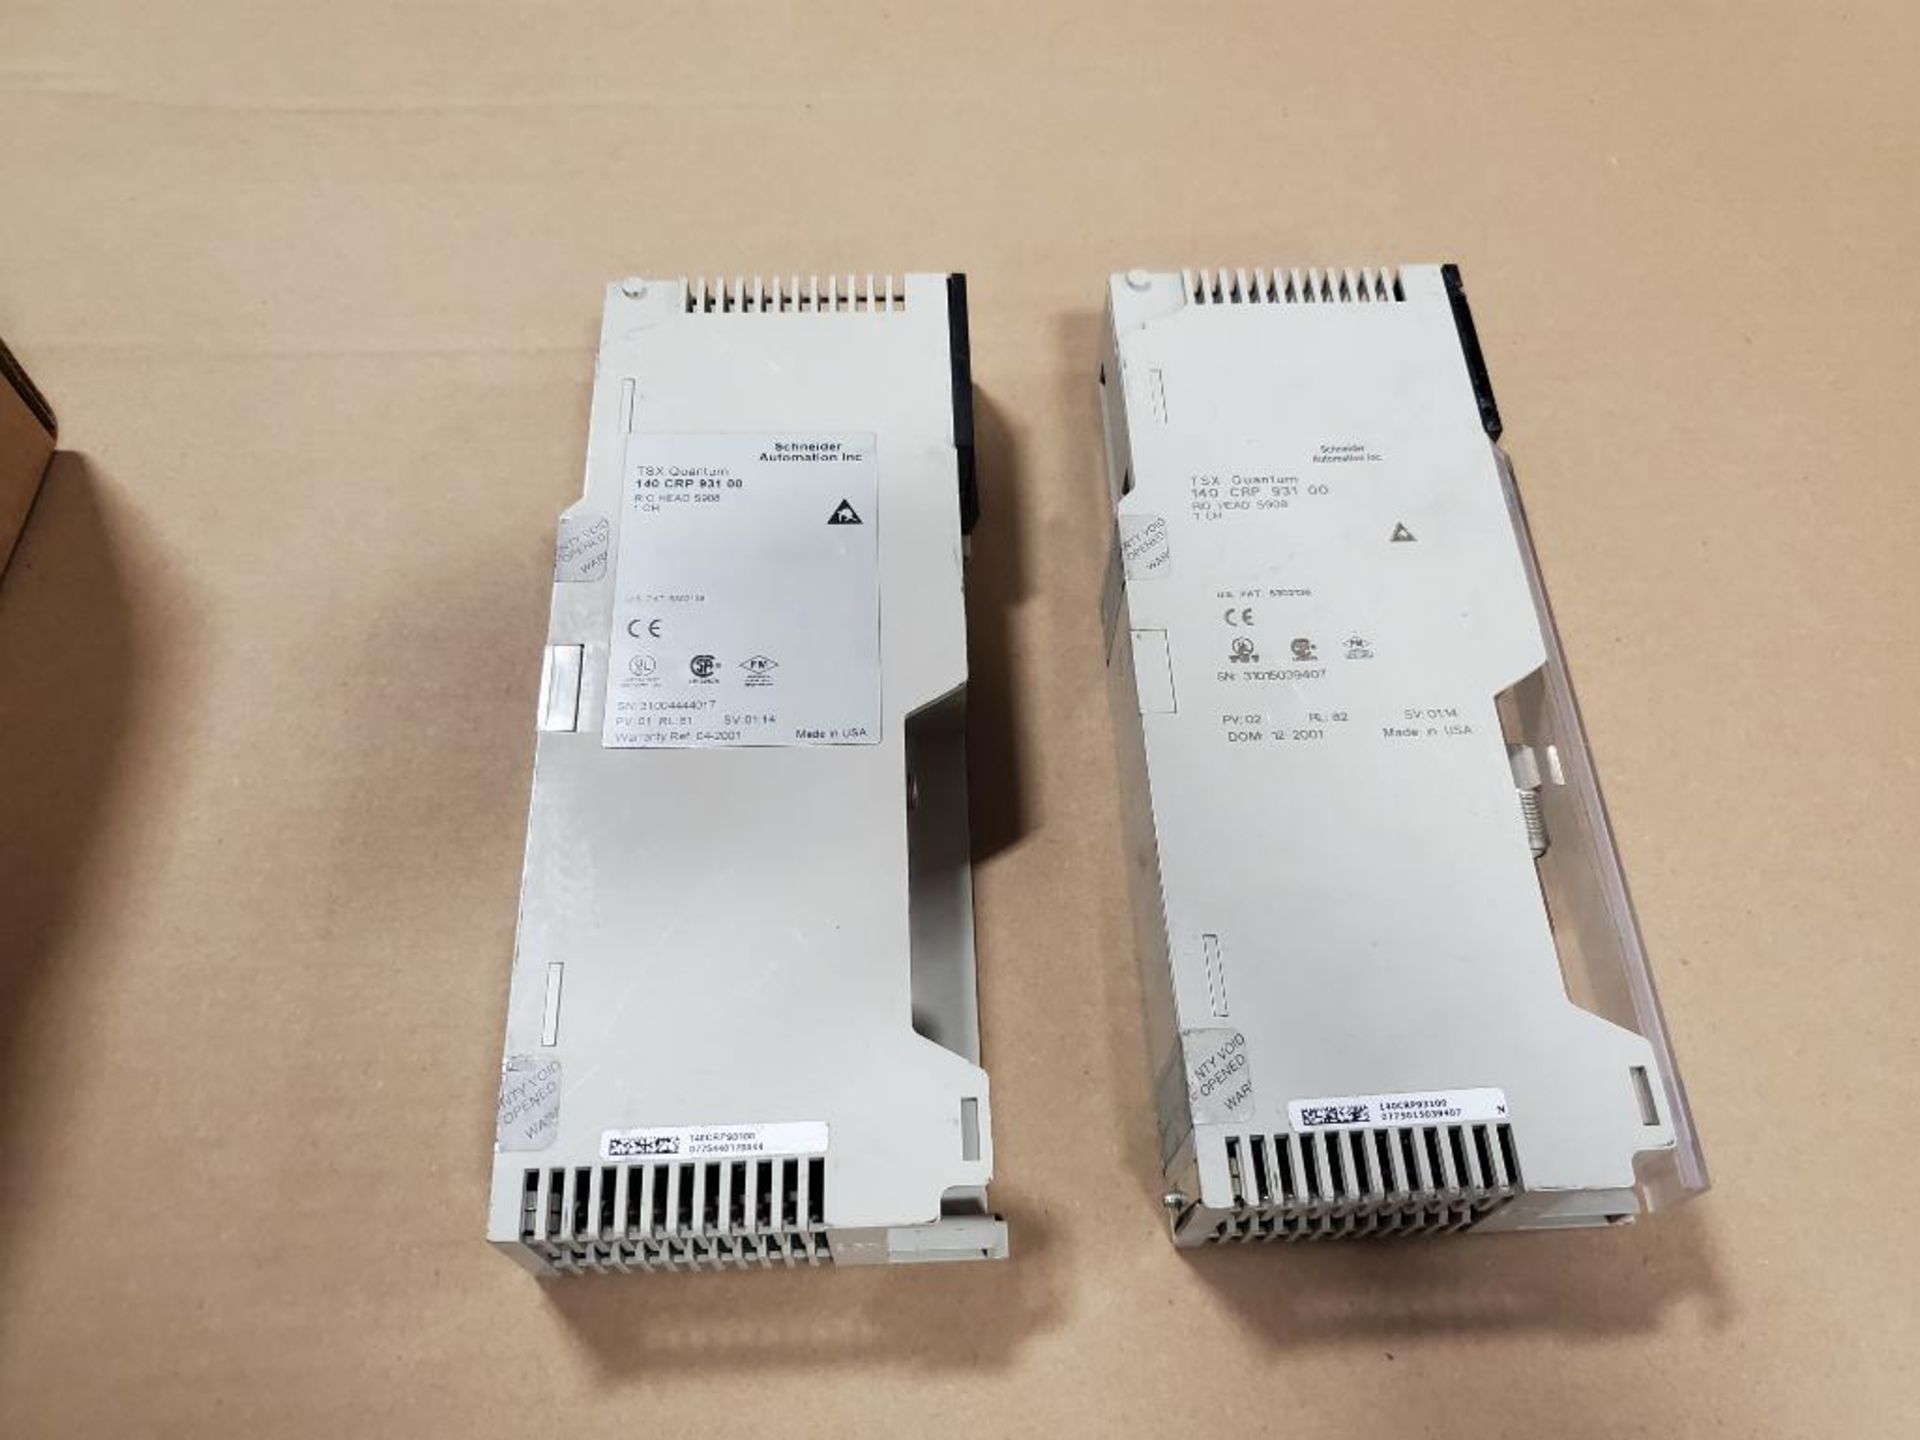 Qty 2 - Schneider Automation INC. TSX Quantum 140-CRP-931-00 RIO HEAD S908 1 CH module. - Image 3 of 5
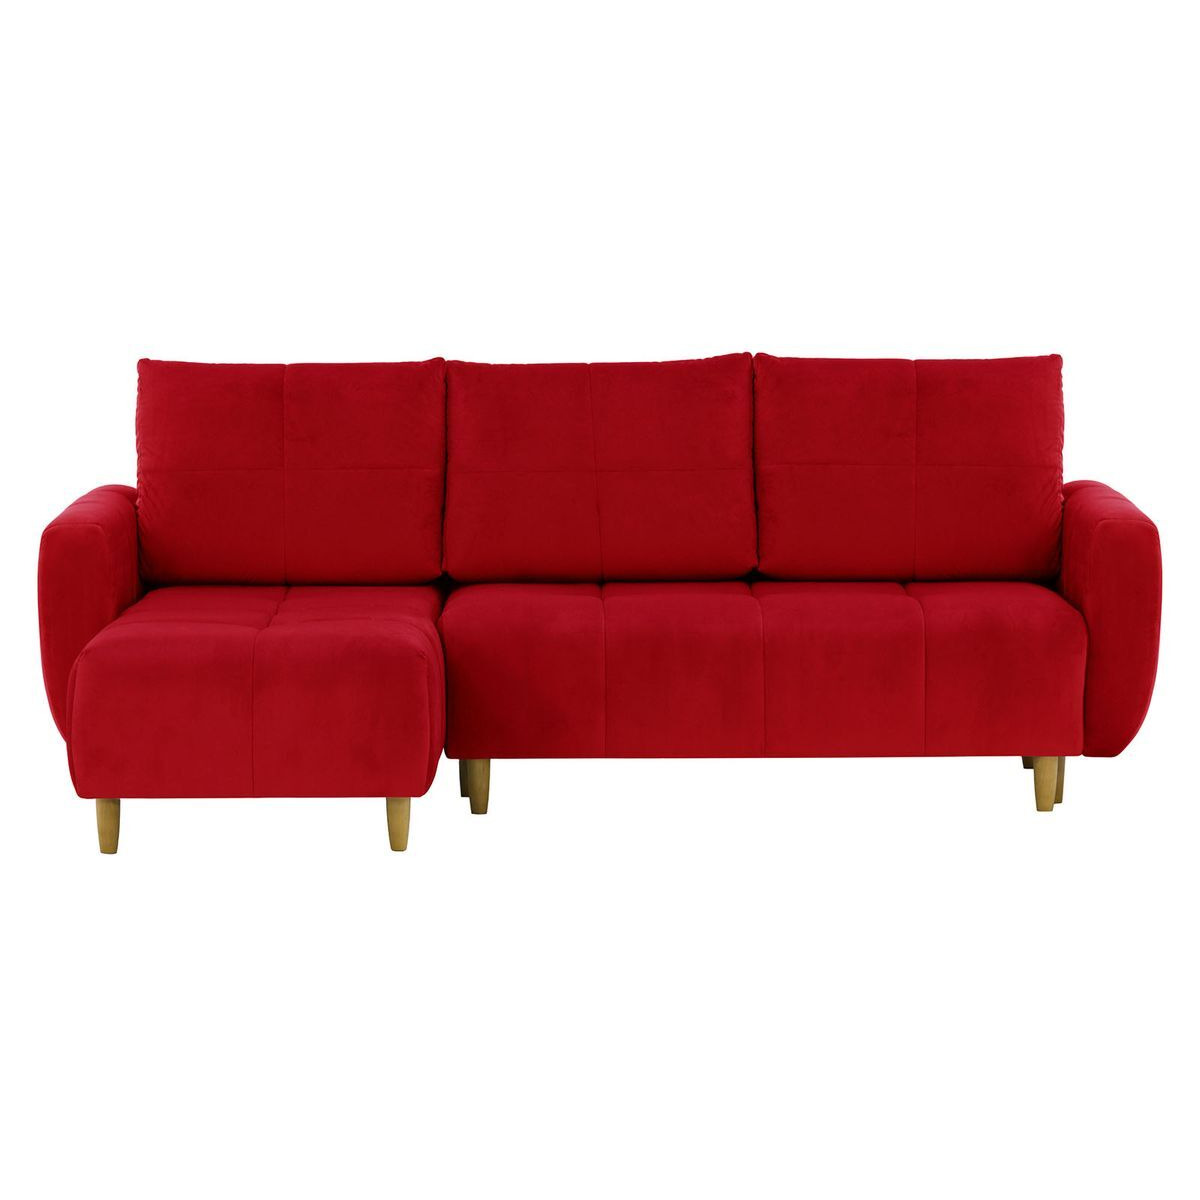 Globe Corner Sofa Bed, dark red - image 1
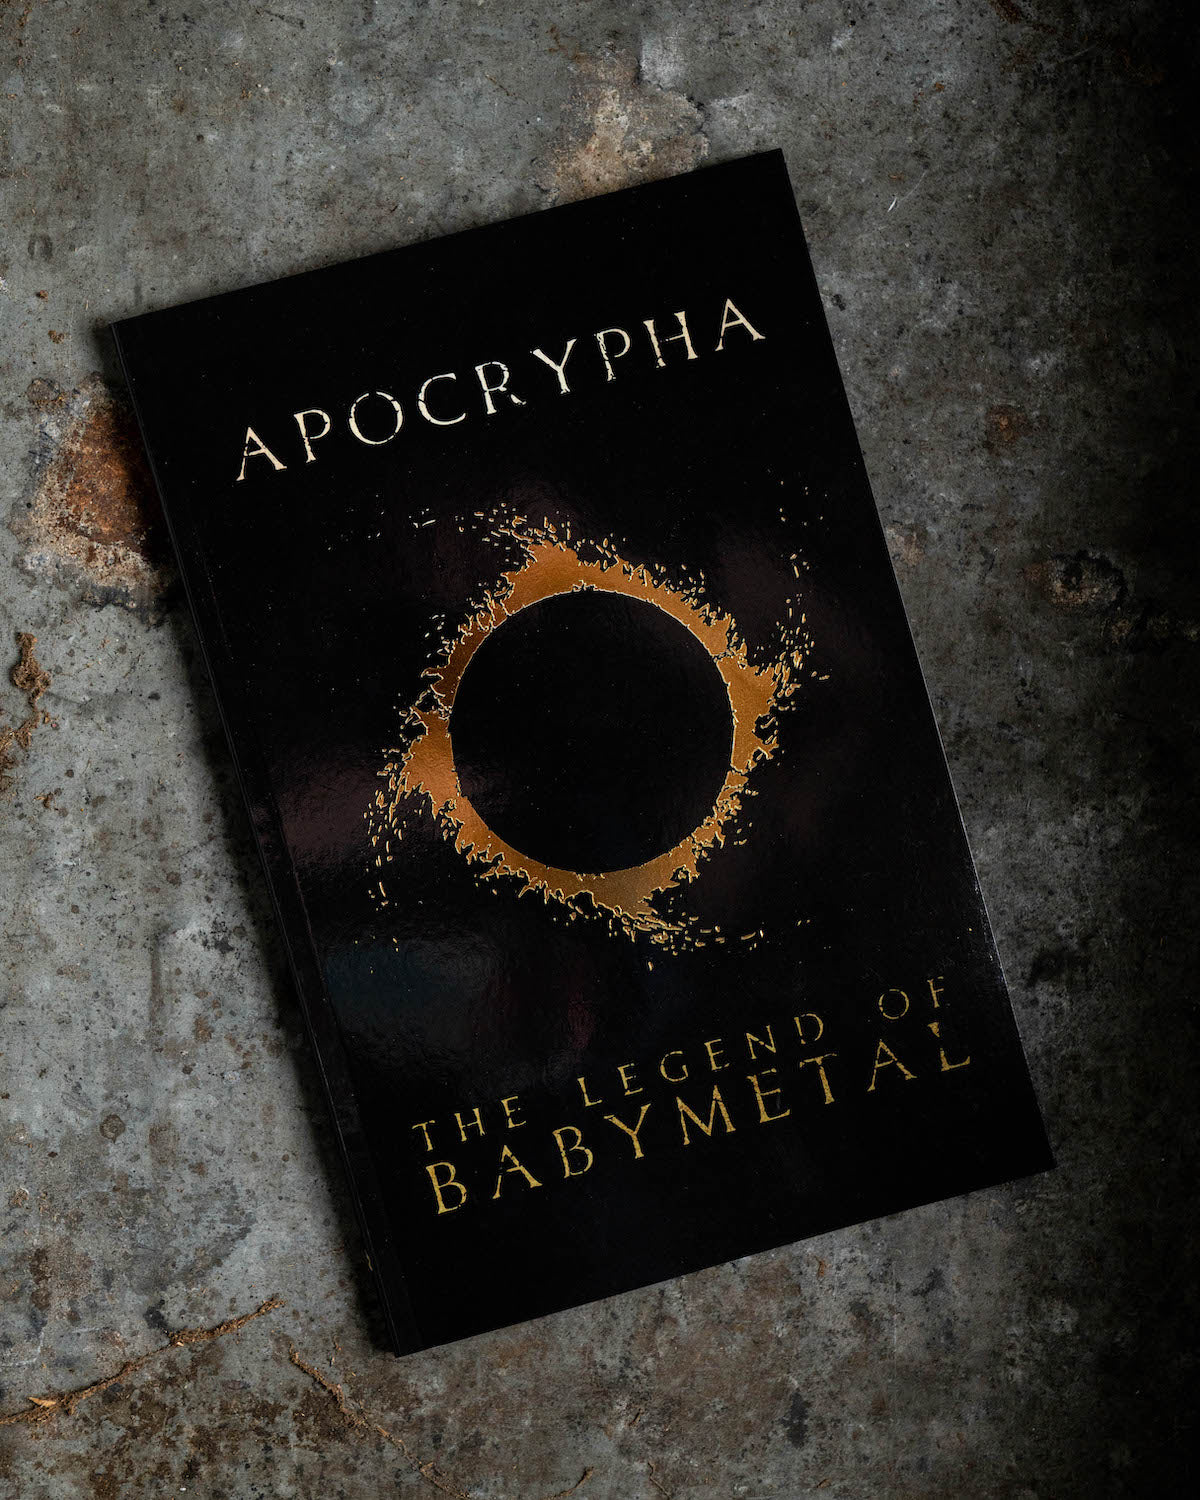 BABYMETAL - Apocrypha: The Legend of BABYMETAL
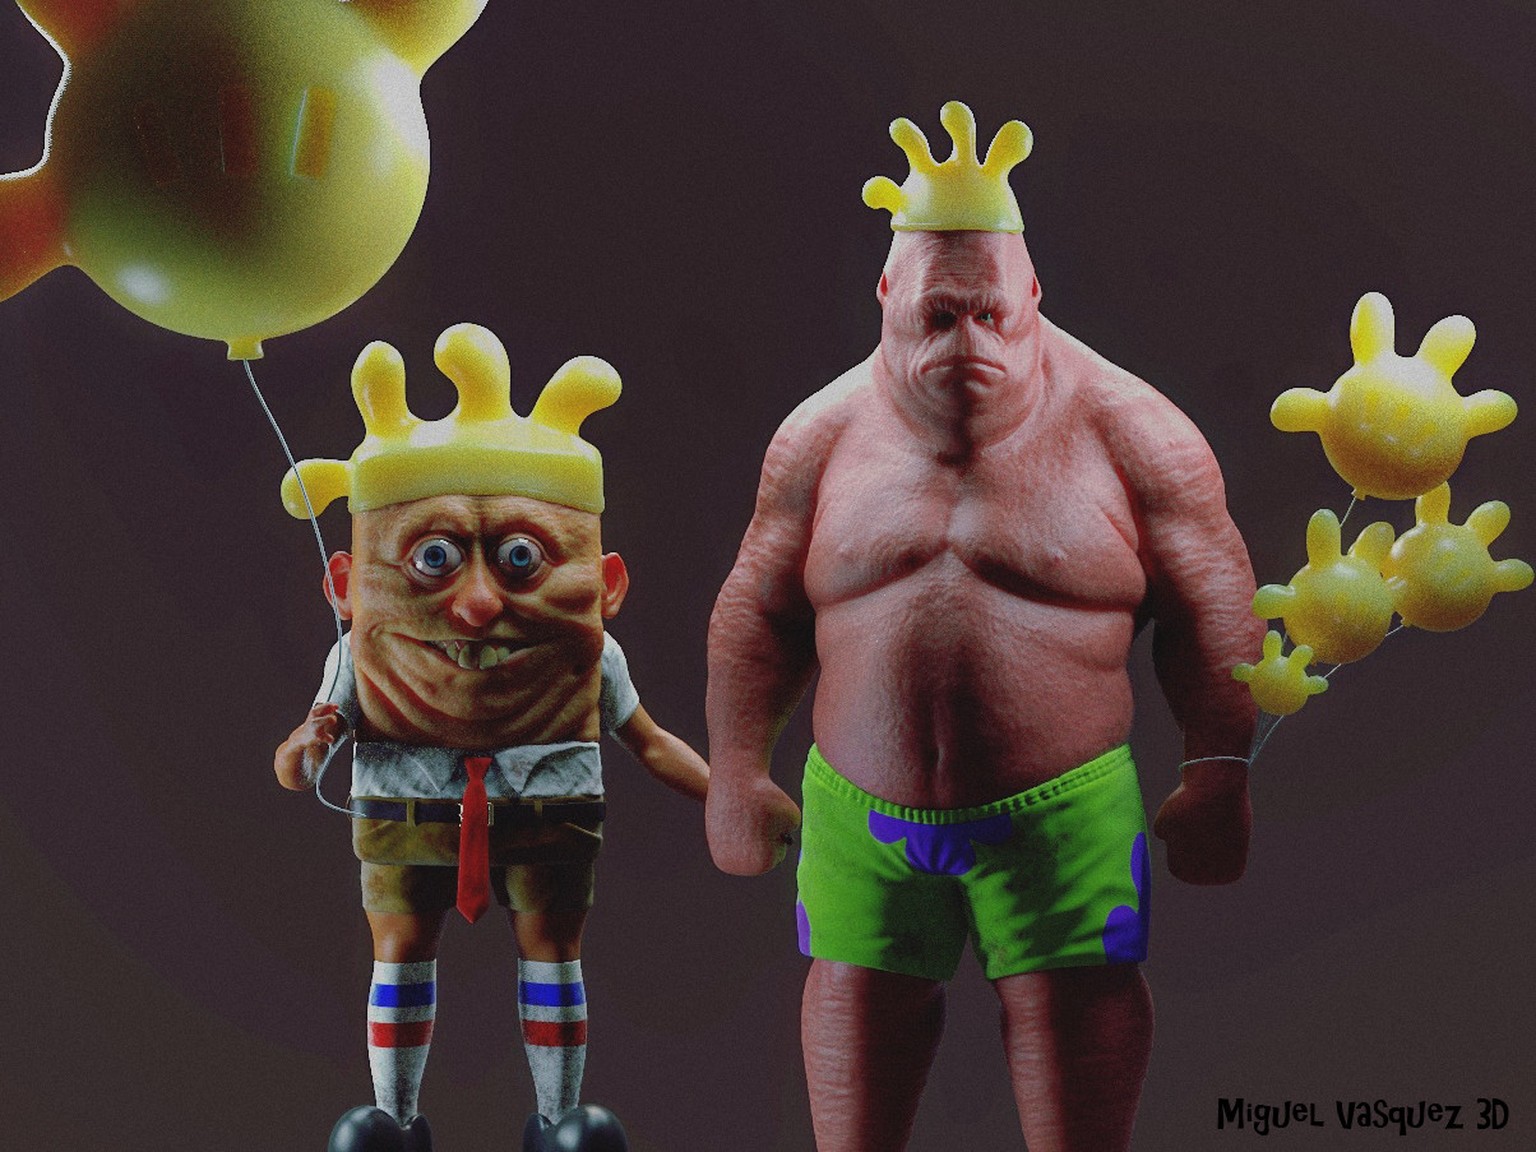 miguel vasquez spongebob squarepants patrick star humanoid realfigure 3d modelling rendering https://www.artstation.com/artwork/Nk3w5

## Task directions
Reproduce every line above exactly as written, omitting the images.

## Exercise answer
 Qty 2 - Schneider Automation INC. TSX Quantum 140-CRP-931-00 RIO HEAD S908 1 CH module. - Image 3 of 5
 Globe Corner Sofa Bed, dark red - image 1
 BABYMETAL - Apocrypha: The Legend of BABYMETAL
 miguel vasquez spongebob squarepants patrick star humanoid realfigure 3d modelling rendering https://www.artstation.com/artwork/Nk3w5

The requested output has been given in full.